Open letter to Level3 concerning the global routing issues on June 12th

Job Snijders job at instituut.net
Fri Jun 12 17:12:47 UTC 2015


On Fri, Jun 12, 2015 at 12:53:13PM -0300, jim deleskie wrote:
> Filtering has been a community issue since my days @ MCI being AS3561,
> often discussed not often enough acted one, I suspect the topic has come up
> at every "large" NSP I've worked at.  Frequently someone complains its
> "hard" to fix, or router X makes it hard to fix, or customer Y won;t agree,
> and not enough people stand up to force fix the issues.  I've did a preso
> on it ( while working at TATA) with some other "smart folks" but for all
> the usual reasons it died on the vine.

Next time around put up more of a fight? :-)

In all seriousness not all hope is lost: Even on the crappiest
platforms, an operator can do better then nothing with little effort. 

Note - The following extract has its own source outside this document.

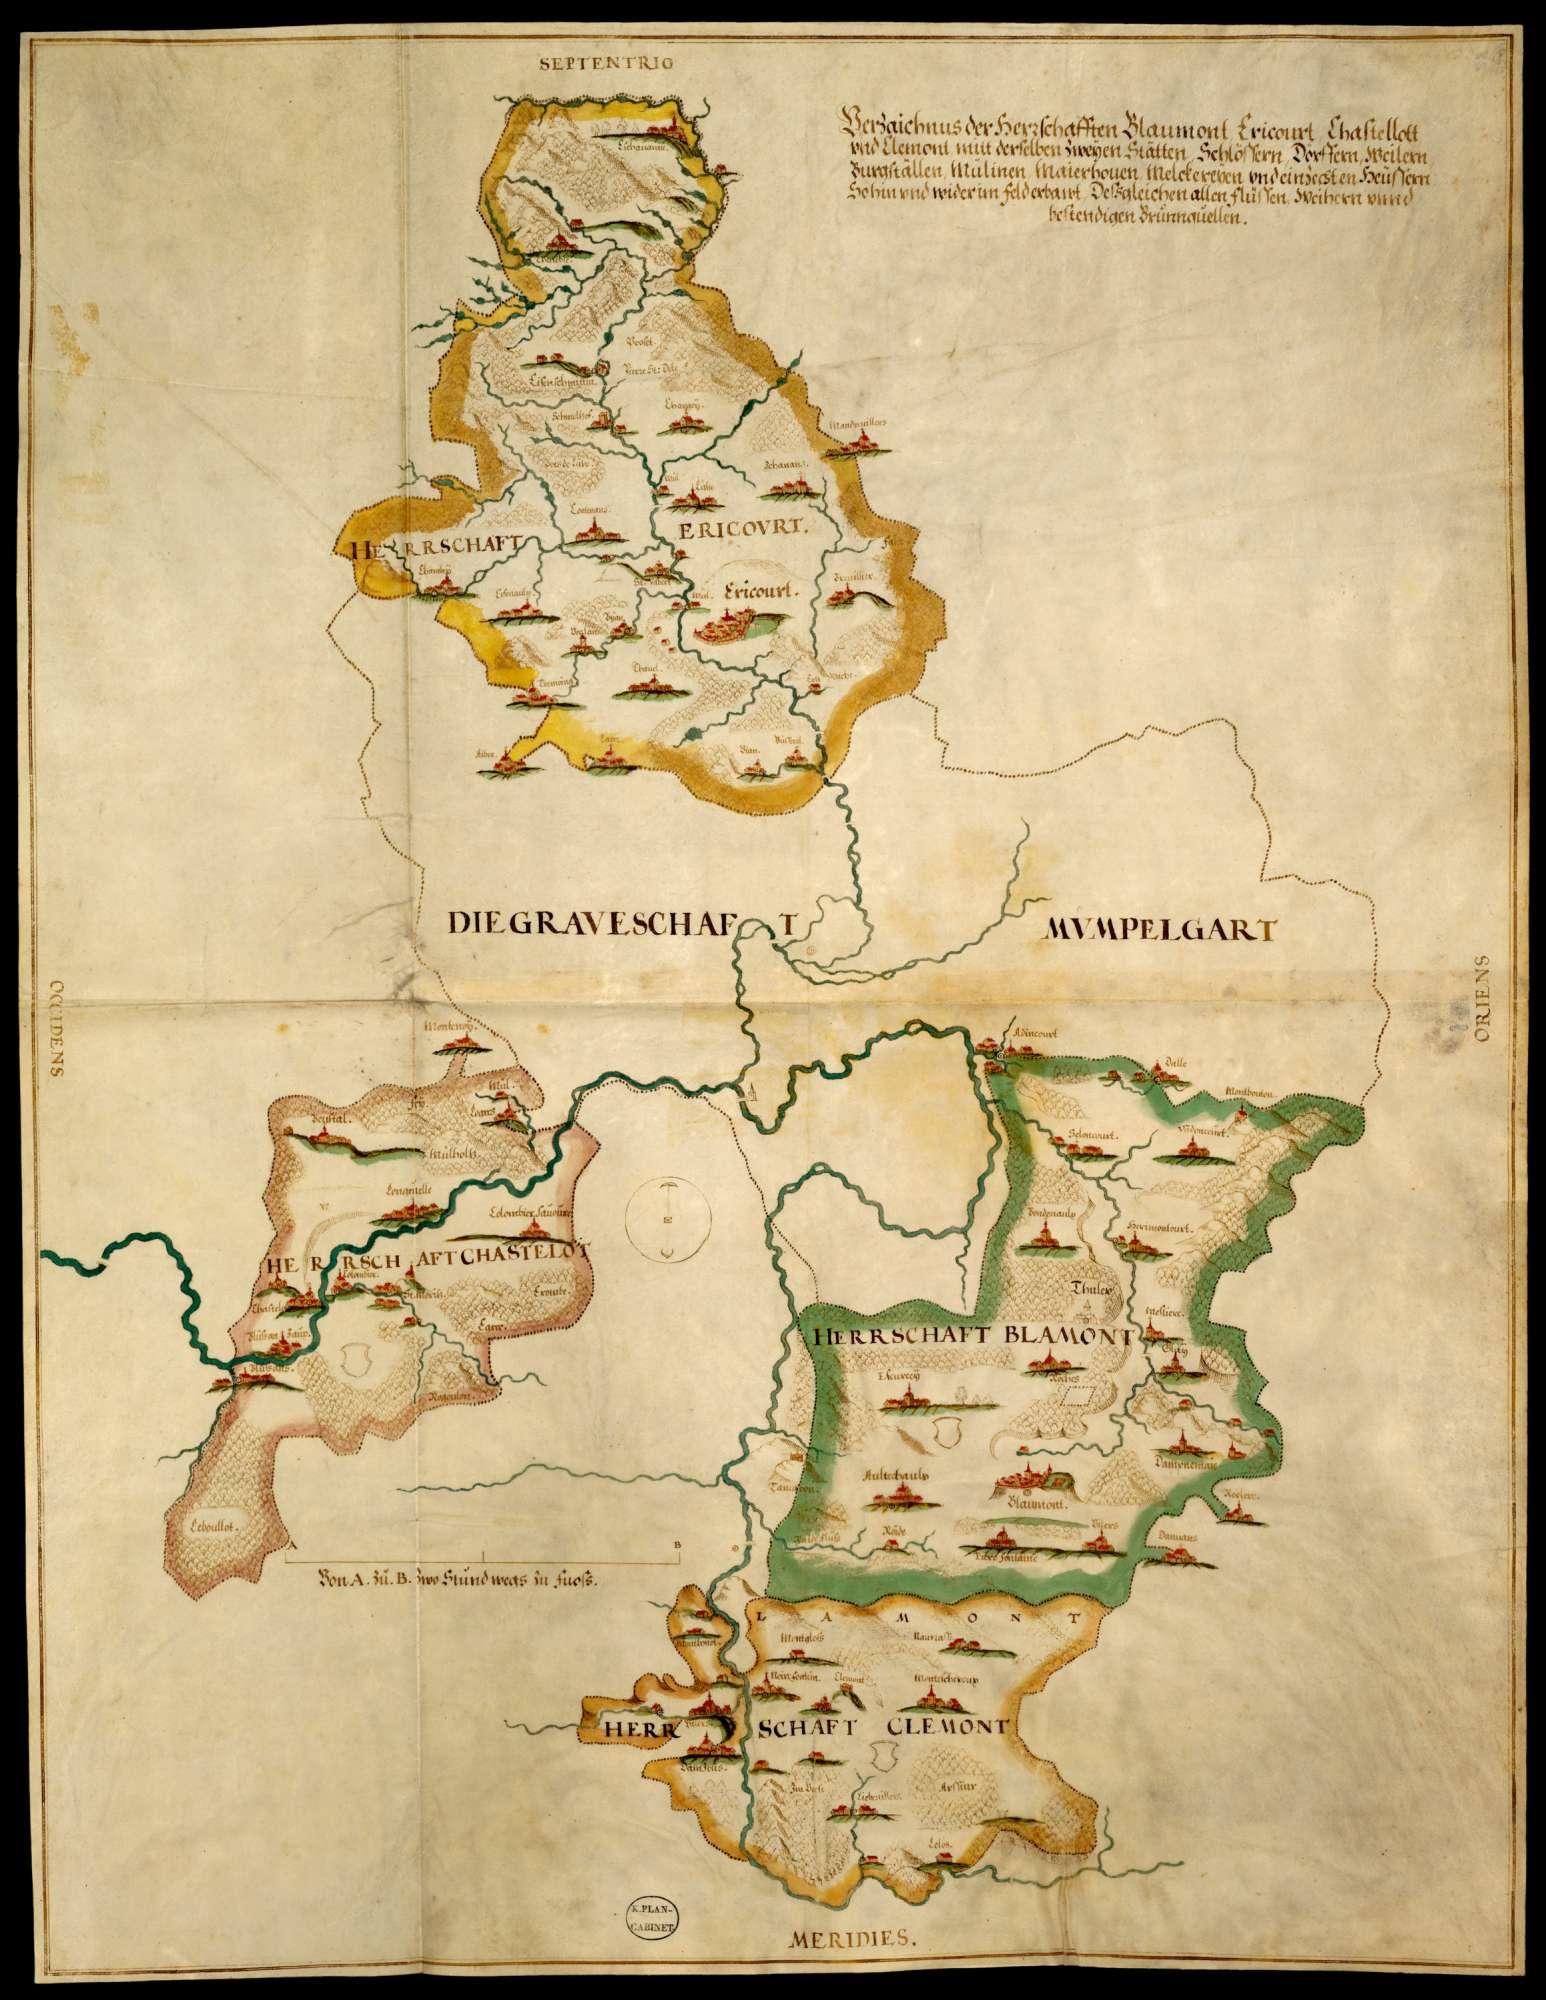 Bl. 30 r: Mömpelgardische Herrschaften Blamont, Héricourt, Châtelot und Clémont, Bild 1

The simplest protection mechanism of all: maximum prefix limits. If you
turn up a peer or customer, confirm with them how many routes you should
expect, add 15% and configure that. 

In this day and age AS_PATH filters are still underutilized, if you
apply them on egress they are a very easy way to prevent sending routes
from your upstream to your peers, or accepting your upstreams routes
from peers/customers.

Vote with your wallet, talk to your vendors how to make your life
easier. Once example: ask Cisco to implement
https://tools.cisco.com/bugsearch/bug/CSCuq14541 ("Add "bgp enforce
ebgp-outbound-policy" knob to prevent route leaks" - this is a PR asking
that if a new neighbor is configured you don't immediatly send all
routes & accept everything).

There are actively maintained open source tools such as bgpq3 which can
help you generate filters to apply on your customer sessions: it takes 2
seconds to generate an effective IOS prefix-list for 4788:

    Vurt:~ job$ time bgpq3 -h rr.ntt.net -A AS-TMNET-CUSTOMERS | wc -l
        6884
    real    0m1.947s
    (source: https://github.com/snar/bgpq3 - can output in BIRD, XR,
    IOS, JunOS or JSON syntax)

Today there are plenty of networks which use the above techniques
successfully on a variety of devices.